In step S5, after the upper computer acquisition card (or the image processing board) receives the camera link digital video signal, the upper computer display control software displays the video at a fixed position on the display screen according to the frame number of the video. And calculating the target azimuth angle according to the frame number, the column number and the pixel angle, and realizing stable display of the image and accurate calculation of the target angle.

Target azimuth angle=frame number×3.6++column number×pixel angle (0.00576 °)

The invention provides a frame synchronization method with simple realization, less signal lines, high stability and real-time performance for 576×6 linear array panoramic thermal imagers. The method is used in the existing equipment, the image is stable, the target angle is accurately calculated, and the effect is good.

It should be noted that each step/component described in the present application may be split into more steps/components, or two or more steps/components or part of operations of the steps/components may be combined into new steps/components, according to the implementation needs, to achieve the object of the present application.

It will be readily appreciated by those skilled in the art that the foregoing description is merely a preferred embodiment of the invention and is not intended to limit the invention, but any modifications, equivalents, improvements or alternatives falling within the spirit and principles of the invention are intended to be included within the scope of the invention.

Claims (8)

1. The image synchronization method of the linear array panoramic thermal imager is characterized by comprising the following steps of:

Acquiring a zero signal Z phase and an increment signal A phase B phase of an encoder, and outputting 1 path of differential synchronous signals by an FPGA after waveform setting and frequency division;

after receiving the synchronous signal, the digital imaging board superimposes the frame synchronous number on the image and outputs the video;

and when the images are acquired, the panoramic image stitching is carried out according to the frame numbers.

2. The method of claim 1, wherein the acquiring zero signal Z phase and delta signal a phase B phase of the encoder, after waveform setting and frequency division, outputs 1 path of differential synchronization signal by the FPGA, comprises:

The encoder outputs A, B, Z coding signals in the rotation process of the azimuth motor, the coding signals are input to the FPGA after passing through the differential receiving chip, the FPGA outputs frame synchronization information after counting, shaping and frequency division through edge detection, wherein the ring synchronization signals come from Z phase signals of the encoder, namely 1 st frame synchronization signals of initial frames, the 2 nd to 100 th frame synchronization signals are output after frequency division after being counted through A, B phases, and the counter clears the Z phase zero signals and the frame synchronization positions.
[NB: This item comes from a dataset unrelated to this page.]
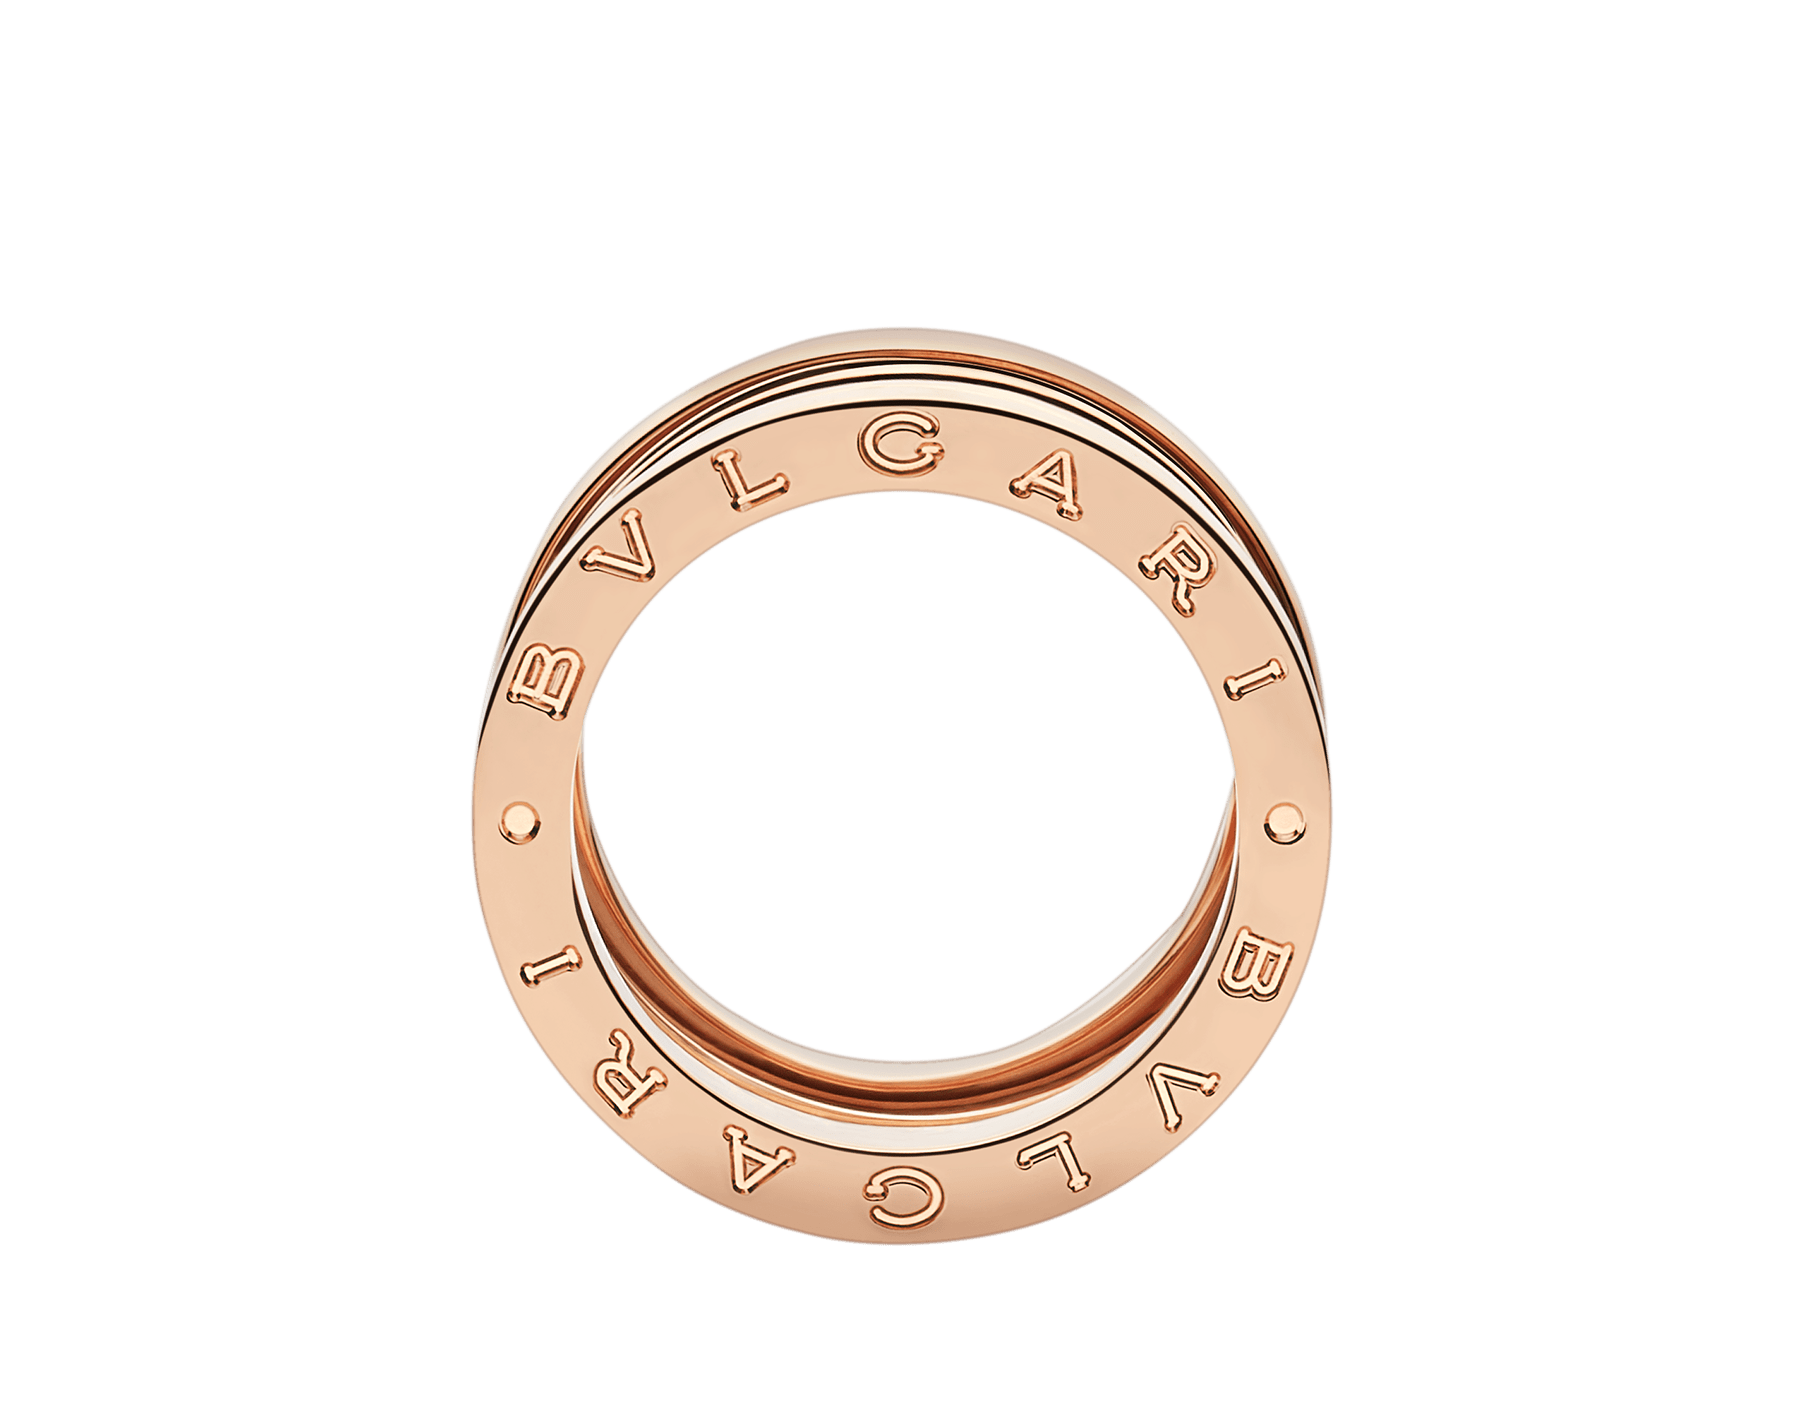 Sale > bvlgari gold ring > in stock
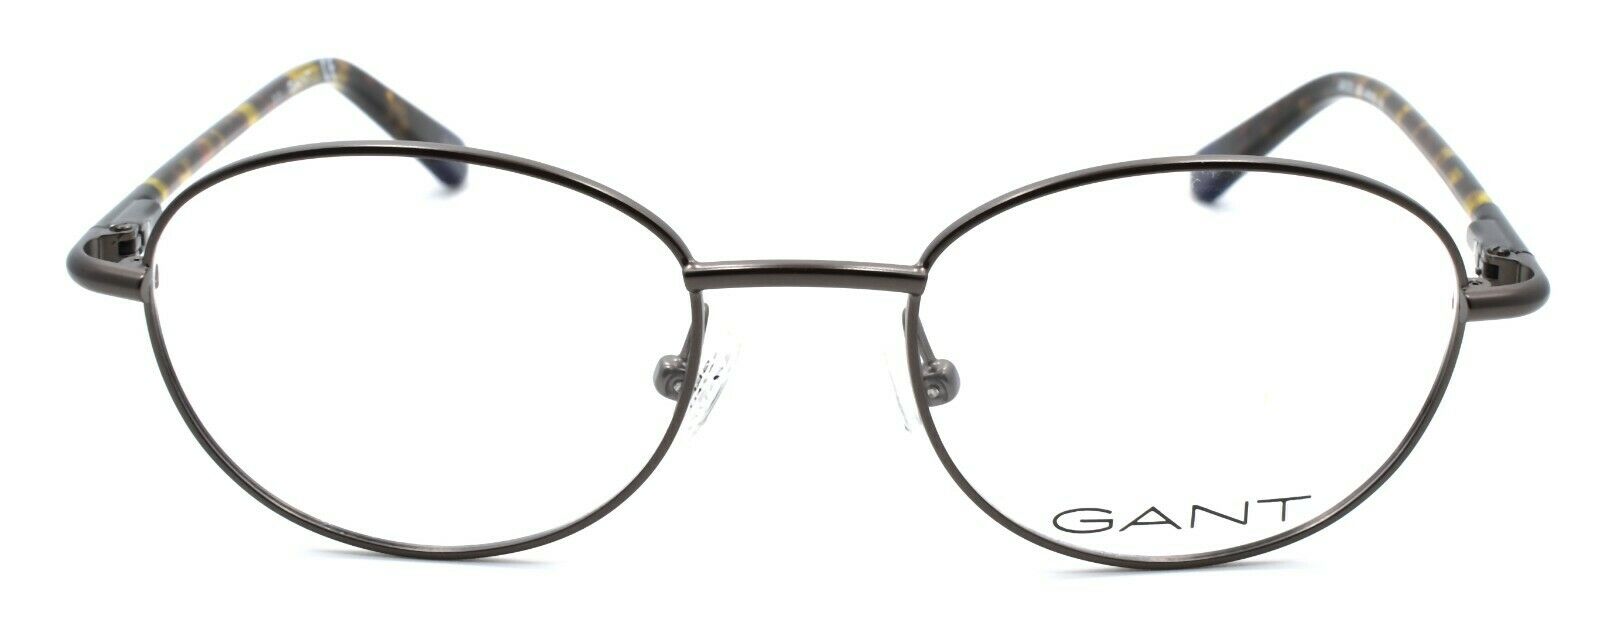 2-GANT GA3131 009 Men's Eyeglasses Frames 48-18-140 Matte Gunmetal-664689837618-IKSpecs

3. The method of claim 2, wherein the encoder outputs three differential pulse signals of: a+, A-, B+, B-, Z+, Z-.

4. The method of claim 1, wherein the frame synchronization signal is transmitted to an infrared imaging digital board of the linear array panoramic thermal imager, the digital board receives the frame synchronization signal, and the frame number is superimposed into the image, and the linear array detector continuously outputs in columns.

5. The method of claim 1, wherein the infrared digital board performs infrared image signal processing and frame number and column number superposition, and outputs the signal to the upper computer acquisition card or the image processing board through the interface.

6. The method of claim 1, wherein the host computer display control software displays the digital video signal on the display screen at a fixed position according to the frame number of the video after the host computer acquisition card or the image processing board receives the digital video signal.

7. The method of claim 6, wherein the host acquisition card or the image processing board receives the digital video signal and calculates the target azimuth angle according to the frame number, the column number and the pixel angle.

8. The method of claim 7, wherein target azimuth angle = frame number x azimuth field angle + column number x pixel angle.